第11話 人形姫、カチコミされたってよ
夏休み初日と言うこともあって、電車はコミコミの大賑わい……と言いたいところだが、普段はそれなりに人がいるはずの草津に向かう電車はガラガラである。しかも、来月頭までは山科~大津間を徐行運転するということもあって運行本数も減っている始末だ。
「知っていたけど、ほんま人がおらんなぁ」
「この間の神隠しダンジョンの影響だよね~」
「ここまで露骨に減るとさすがに可哀そうになるわ」
「ウチらだけでも、滋賀のダンジョンを盛り上げるとかええんちゃうか。有名になった恩もあるし」
「そうだね~彦根ダンジョンも琵琶湖ダンジョンも見どころのあるダンジョンって聞いたことあるし~人が多い方が楽しいよ」
「ダンジョンが楽しいって……百合、貴女大物に慣れるわ」
「姫ちゃんに褒められちゃった」
「褒め取るようには思えんけどなあ。まあ、姫花がコーチ役でウチら2人で攻略するっていうスタンスもどっかで限界が来るのはわかっとったし……4人で彦根と琵琶湖のダンジョン攻略ってのも悪くないわな」
「どちらのダンジョンを先に攻略するにしても、ミノタウロスを倒してからの話ね」
のんびりと話している内に草津駅に着く。夏休み期間ということもあり、たび丸と言う黄色い笠をかぶった少年のマスコットキャラクターのパネルがぽつんと置かれており、記念写真を撮れるようにしてあった。
「せっかくだし、一緒に写真撮ろう。ピース」
「ぴ、ぴーす?」
「姫花、なに硬くなっとるねん。仏頂面やのうて笑顔や。はい、ポーズ」
パシャリと撮った写真を早速SNSにあげる咲夜たち。やはり注目されているおかげであっというまに良いねがドンドンついてくる。少し前とは全く違う手ごたえを感じつつ、バスに乗り込むのであった。
「で、今日は何をするんや? また目隠しプレイか?」
「あれはきっかけ作りよ。まずは魔力のコントロールを意識しつつ、普段通りの戦闘をしてもらうわ」
ということで、早速飛び出してきた強個体のカラーウルフの群れたち。神隠しダンジョンでCランクのスノージャイアントを倒してきた腕前とやらを拝見するにはちょうどいい相手だ。
「遅いで!」
「余裕ありそうだから、私も攻撃に参加するね。ストーンバレット」
咲夜が群れから飛び出してきたブルーウルフを一刀両断。遅れてやってきたグレーウルフの噛みつきを盾ではじき返してひるませる。怯んだグレーウルフにとどめを刺す百合の石弾。彼女二人の戦闘の向上に姫花は思わず息を吞む。
「咲夜、盾使うの上手くなっているわ」
「そうやろ。剣だけやなくて盾に魔力通して殴ったら、結構ええ感じやねん。こういうのパリィっていうんやろ」
「そうかもしれないわね。百合、魔法に魔力が良く通っているわ」
「へへへ、咲夜ちゃんが剣や盾を強化できるなんて言うから、私も杖に魔力流すのを強くイメージしたの~」
自分が教えていない盾強化による耐久力とひるませ率の増加、杖に魔力が良く通ることによる石弾の攻撃力や精度の強化。神隠しダンジョンでの戦いは二人に魔力コントロールの重要性を身に染みるほどに教えてくれたようだ。

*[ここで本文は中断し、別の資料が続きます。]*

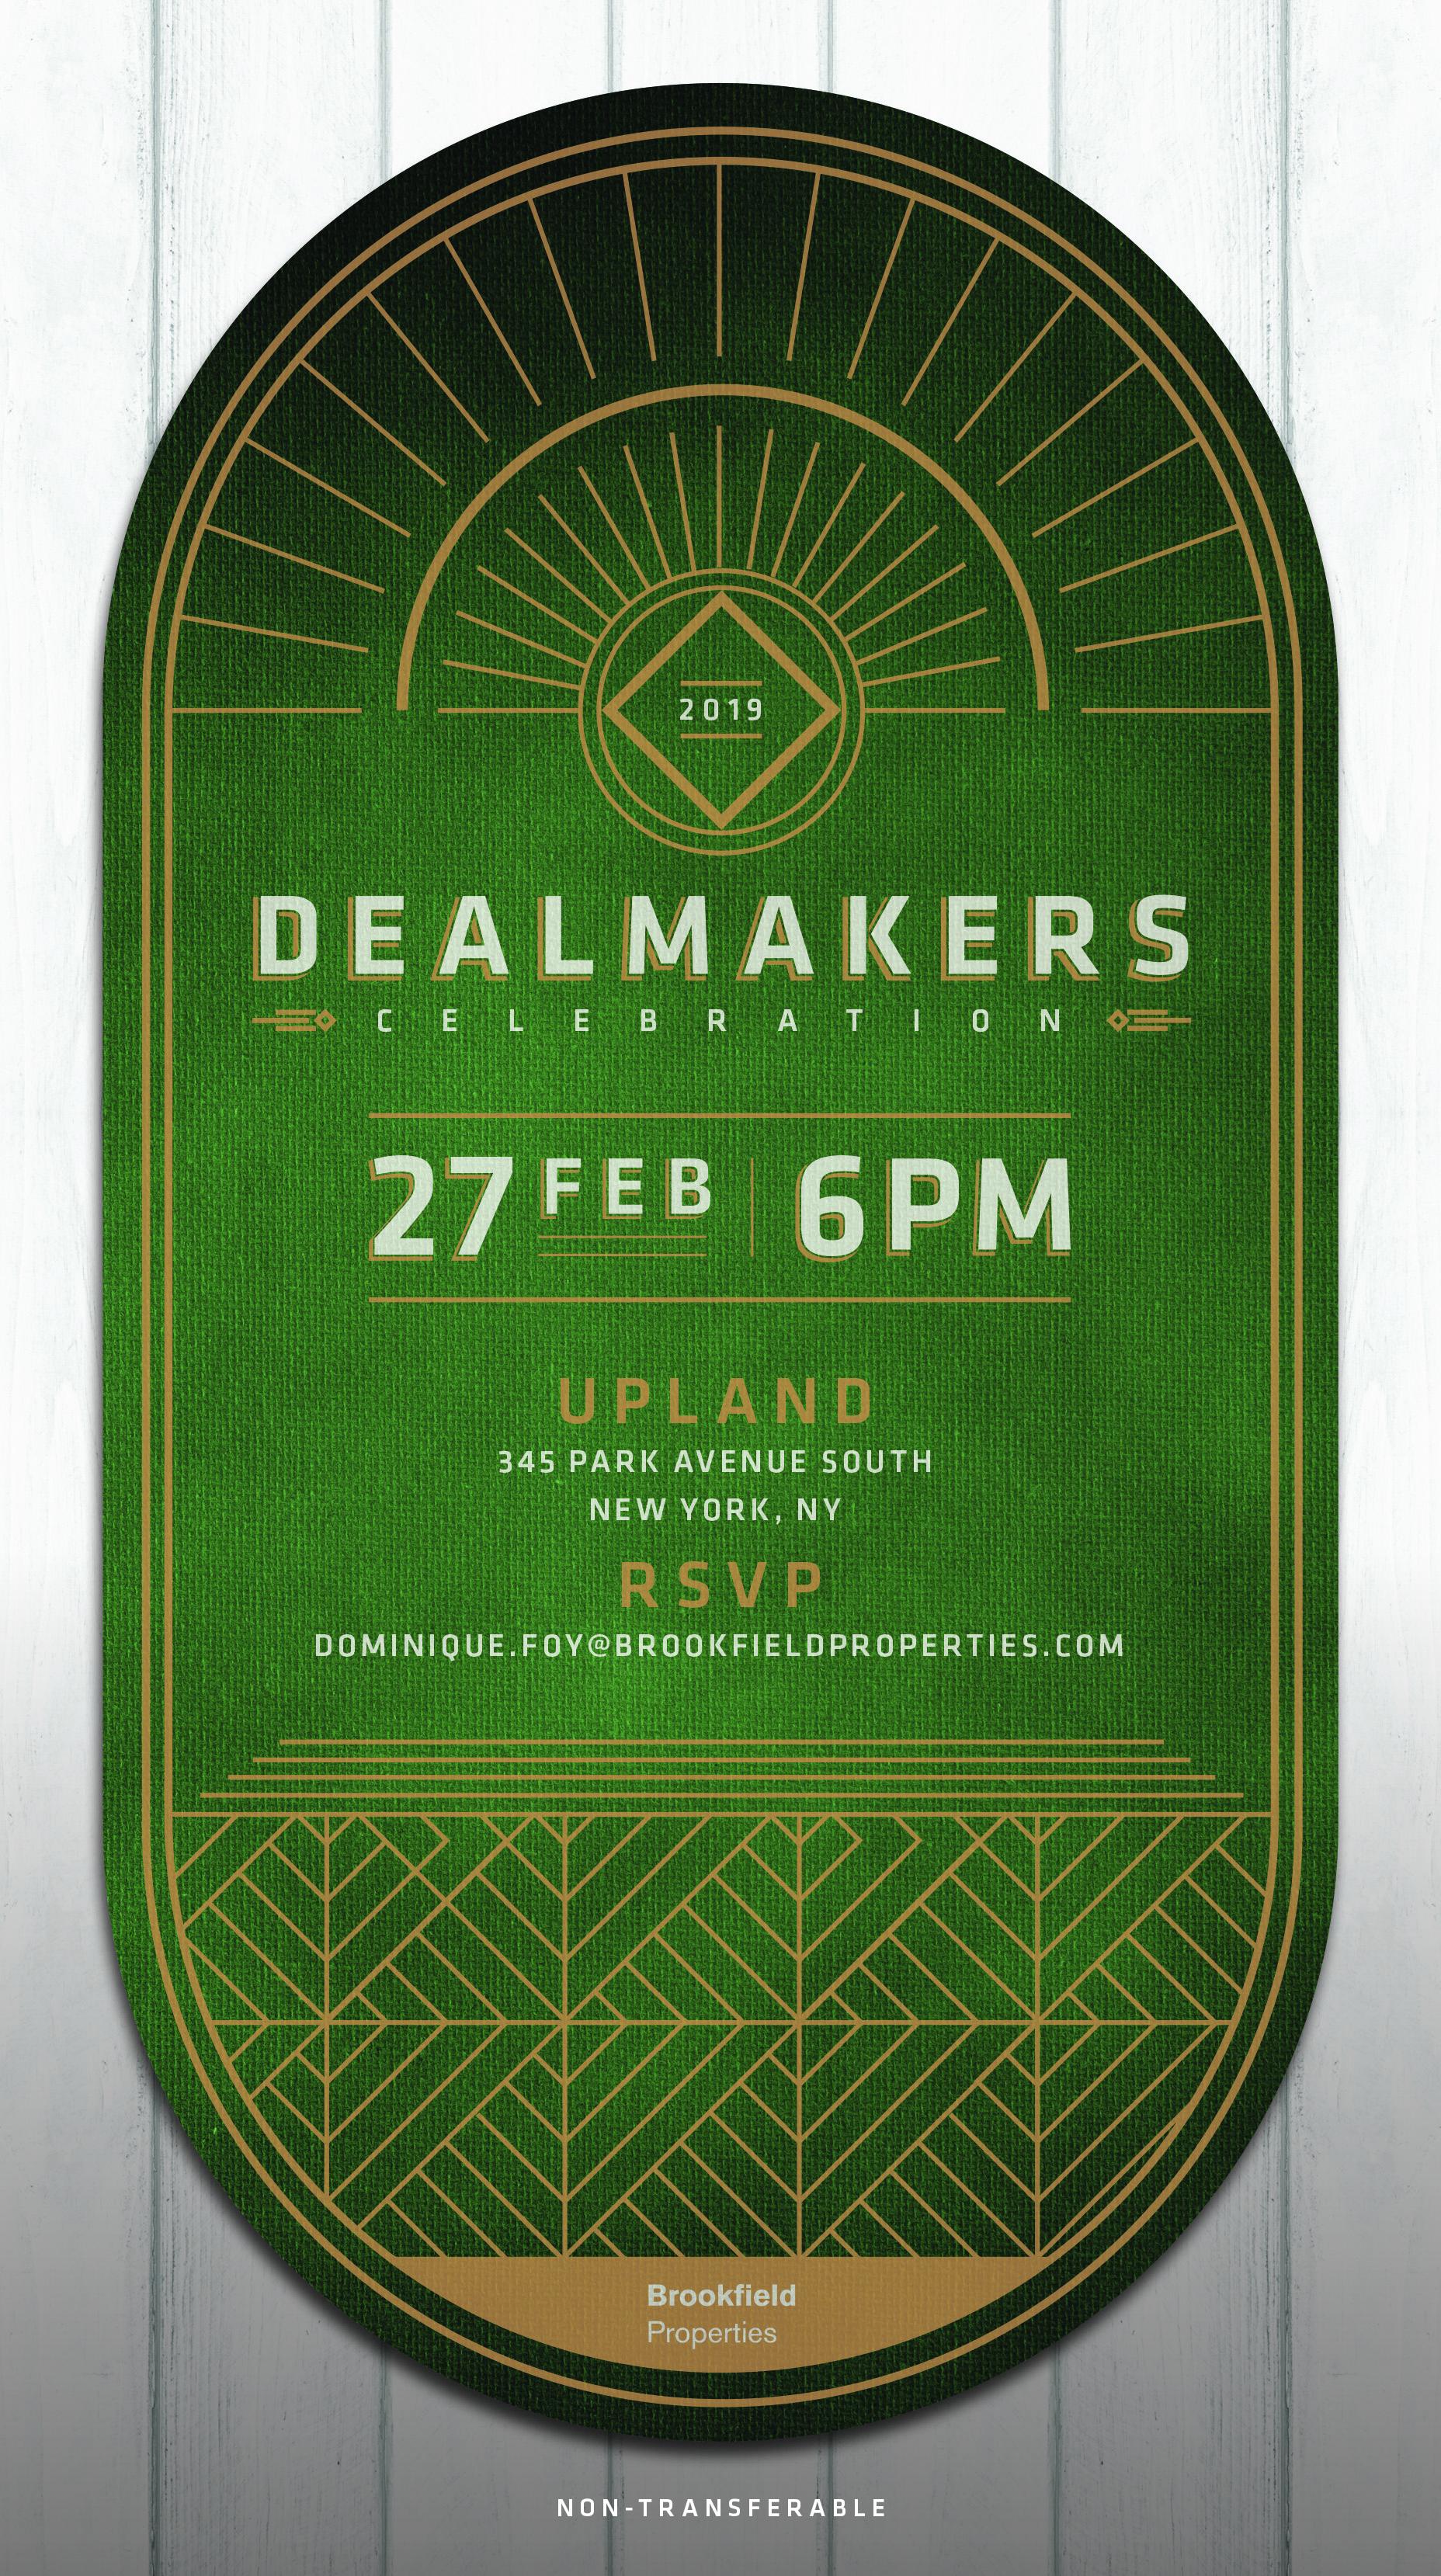 New York Dealmakers Invitation

(セバスチャン、午後からのワーウルフ。もう少しレベルを上げてもらっても良いかしら)
(承知しました。では、単体能力をミノタウロスレベルにまで強化しておきます)
今の戦いを見る限り、いくらこちらでレベルを上げたところで草津ダンジョンでは力不足だろう。これは明日からも梅田ダンジョンに狩場を変えた方が良いかもしれないと嬉しい誤算に喜んでいた。
【所詮、EランはEランだよな】
【今回は強個体当たってないみたいだな】
【そうか? 動きは強個体っぽいけど?】
【お前の目が節穴だよwww】
二人の集中力も途切れることなく、カラーウルフの虐殺会場にしかなっておらず、コメントも盛り上がりに欠けている。少々早いが切り上げて、昼休憩の後、午後のワーウルフ戦に入った方が良さそうだと思い声を掛けようとしたとき、異様な魔力を感知する。
(姫様!)
現れたのは3体のレッドドラゴン。1体であの大騒ぎしていたにもかかわらず、それが3体同時に現れたことにより、視聴者たちのコメントも一瞬、時が止まったかのようにピタリと止まる。
(生配信中にカチコミを仕掛けてくるなんて良い度胸しているじゃない。イレギュラーがどこから送られてきたか逆タンの準備)
(それは構いませんが、もう一度送られてこないと逆タンを用意しても意味がありませんよ)
(レッドドラゴン1体を瞬殺したのに、今度はたった3体なんてふざけているわ。これは本命を送る前の露払いの部隊と見た)
待機させていた人形2体に加えて、さらに2体追加し、両脇のレッドドラゴンと交戦させ、真ん中のレッドドラゴンだけがフリーとなる。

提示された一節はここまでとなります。